D'une rapidité incroyable, la bête fonça sur lui, il eut à peine le temps de se protéger avec son katana non dégainé qu'elle refermait ses mâchoires sur le fourreau. Il se brisa en un éclair comme s'il n'avait été qu'un vulgaire brindille dans les mains d'un adulte. La lame resta cependant intacte, elle était résistante ce n'était pas qu'une babiole, une épée d'entraînement. D'un mouvement de la tête, la lame fut arrachée des mains de son porteur avant d'être envoyé valdingué entre les racines d'un arbre. Le buste du jeune garçon fut plaqué au sol par la patte du monstre. La pression s'accrue sur son thorax alors que la bête rapprochait sa tête de la sienne, de près comme de loin d'abord sa gueule ressemblait à une fosse béante.

Il fronça le nez, il se prenait l'haleine pestilentielle de l'animal en plein dans le visage, un mélange de viande avariée et de chair en décomposition, rien de bien appétissant n'est-ce pas ? Rassemblant toutes ses forces dans sa jambe gauche, Eleyon balança sa jambe dans l'abdomen de la bête lui arrachant un cri de douleur aiguë. Profitant de l'instant de surprise mêlée de douleur qui terrassait actuellement la bestiole, Eleyon se jeta sur son katana et se releva tout aussi vite l'arme empoignée d'une main ferme. Il fit de nouveau face à la bête qui entre temps s'était relevée, ses yeux luisaient d'une rage incommensurable.
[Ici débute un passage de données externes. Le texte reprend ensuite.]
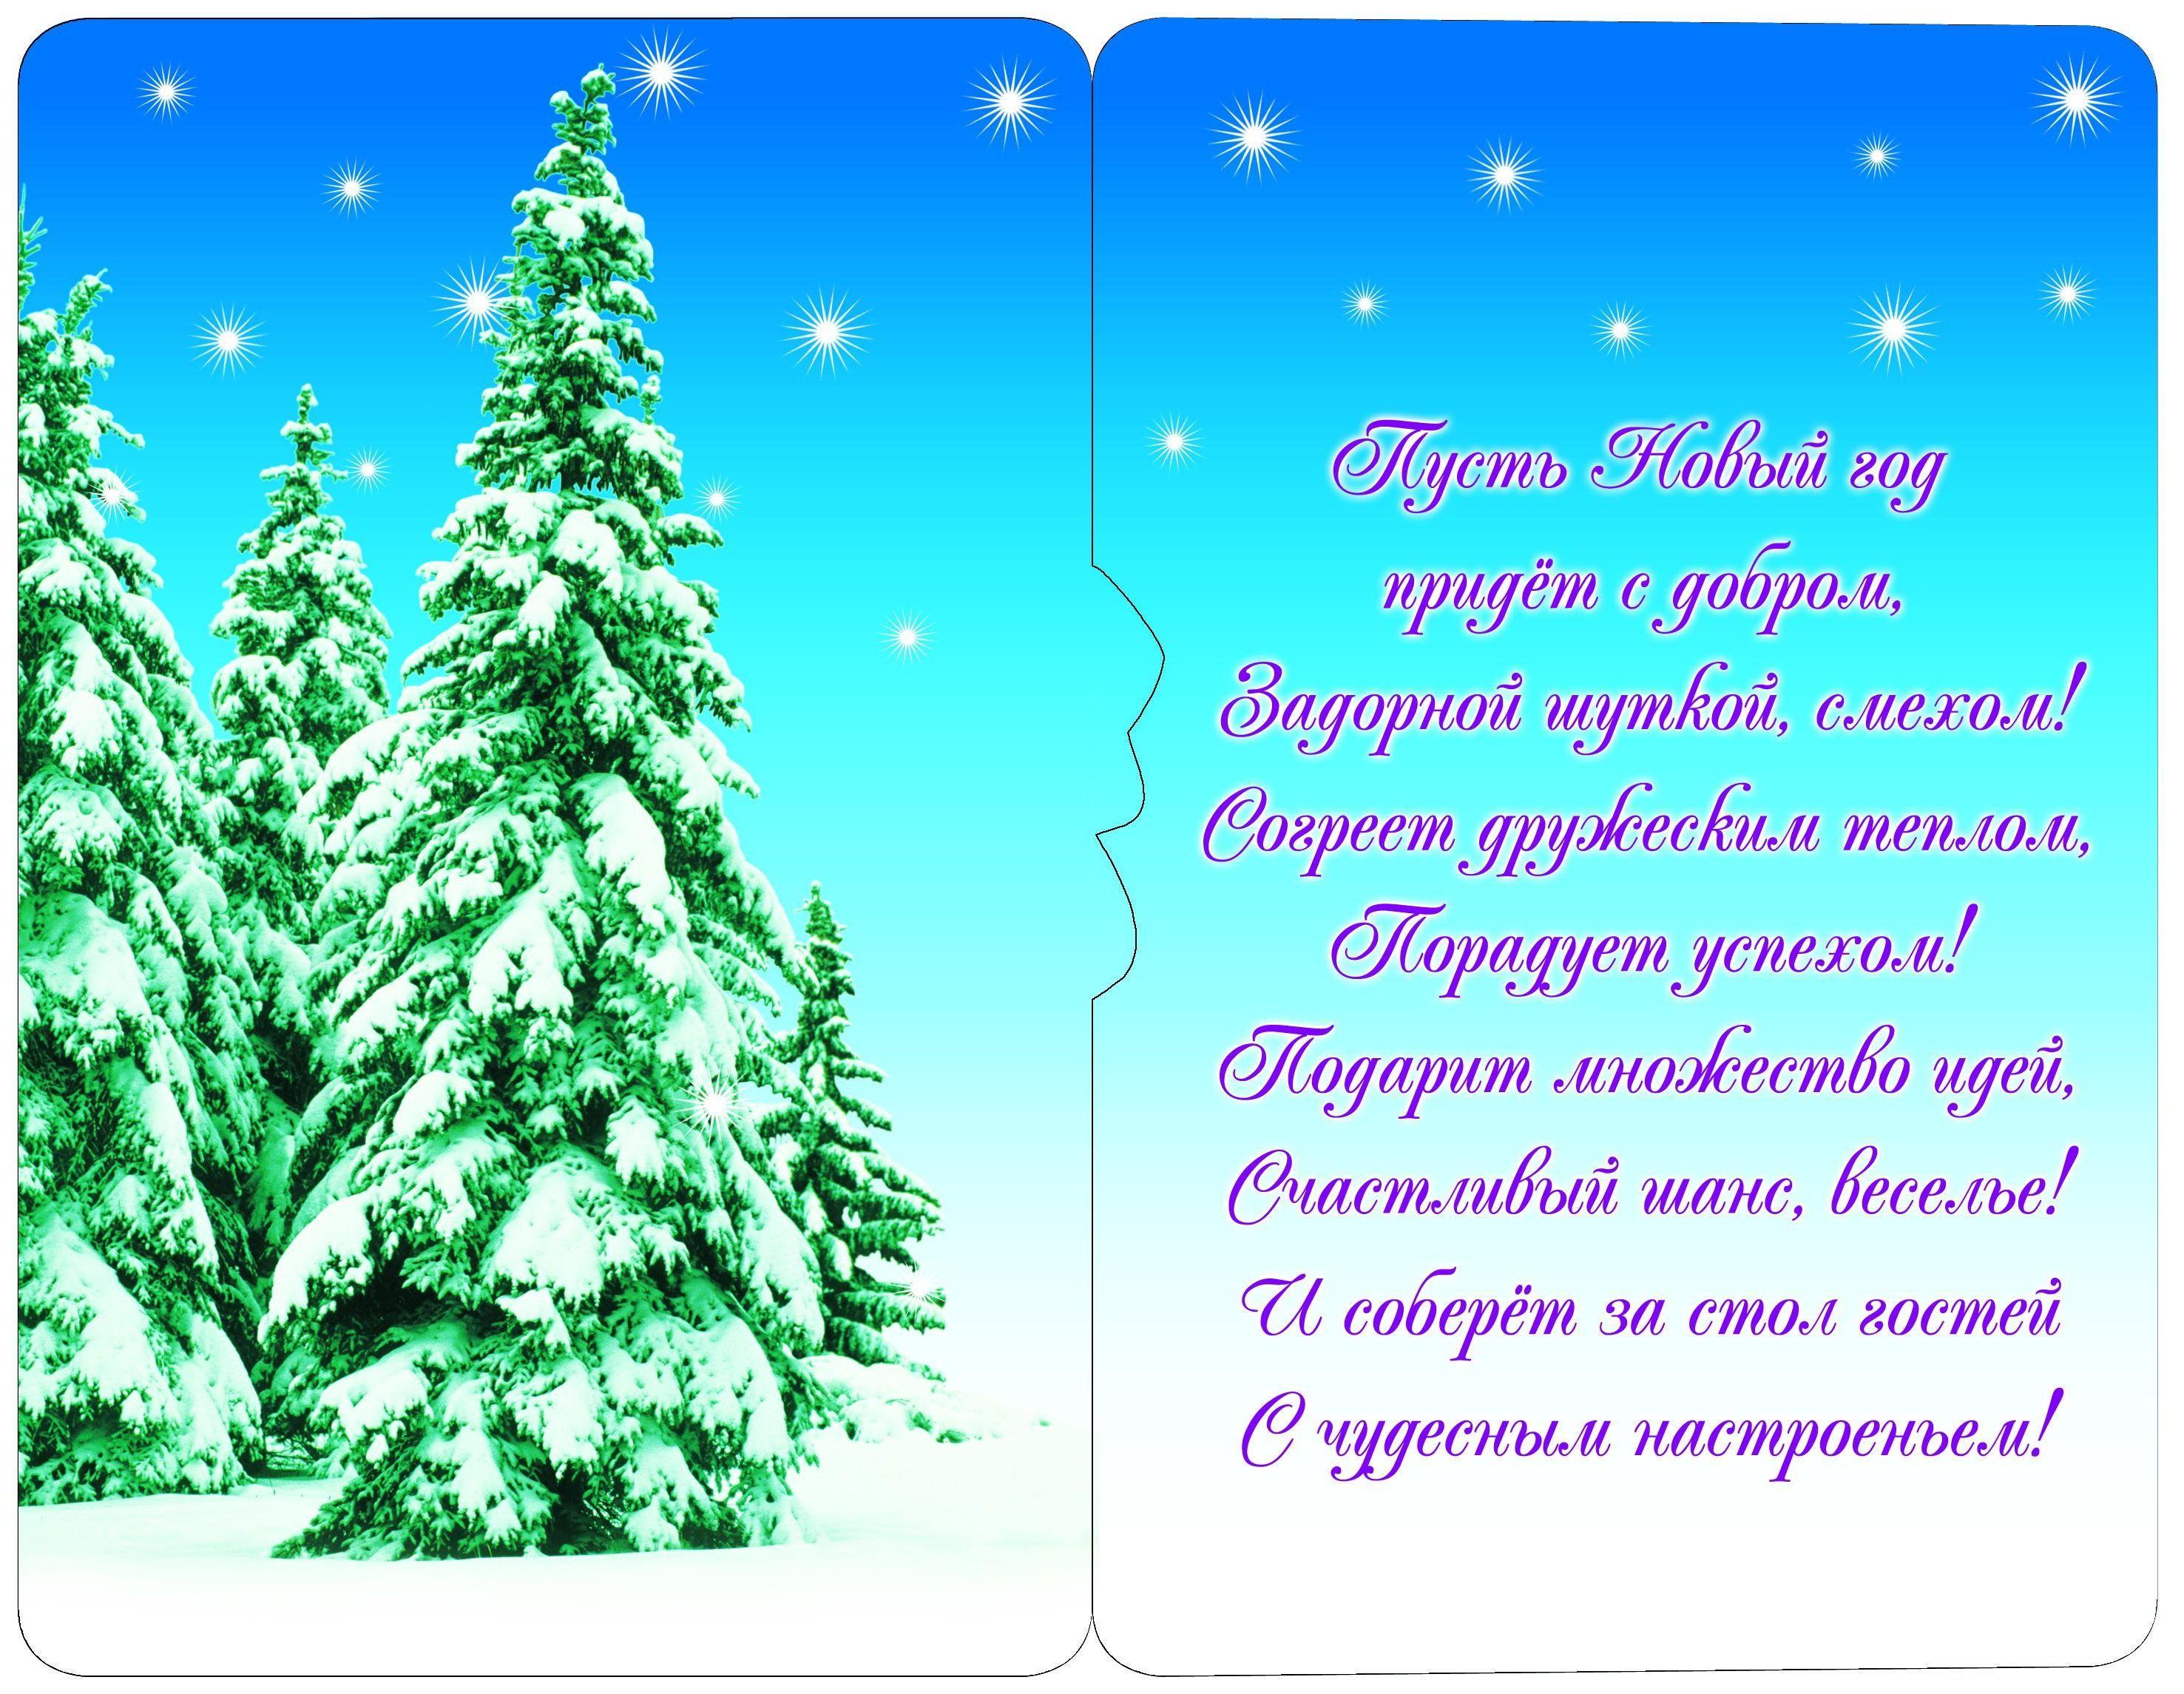 Напечатать текст на открытке с новым годом, рождением

Plaçant la lame de son katana entre eux pour se protéger, il se déplaça lentement sur le côté pour se dégager une issue au cas où le combat tournerait mal. Ses yeux le fixaient toujours cherchant sûrement à le jauger. Il ne devait pas craquer, ne pas détourner le regard ou la bête comprendra qu'il était sûrement plus faible qu'elle et elle aura un avantage psychologique sur lui se croyant, de ce fait, plus forte.

Elle semblait douée d'une intelligence peu commune dans le monde animal, il ne devait pas lui laisser le temps d'élaborer une stratégie précaire. Eleyon s'élança vers le monstre dans l'intention simple de l'occire en un coup. Mais tout ne se passe comme on veut, il balança son katana de gauche à droite, fracassant une grande partie des épines ponctuant le dos de l'énorme hérisson. Cependant, les épines étaient plus dures que prévu et le choc de l'attaque se répercuta dans tout son corps, le paralysant momentanément. La bête profita de cet instant de faiblesse pour l'attaquer, ses griffes arrachèrent de grand lambeaux de peau sur son bras gauche avant que ses mâchoires ne finissent le travail en se refermant sur les plaies fraîches.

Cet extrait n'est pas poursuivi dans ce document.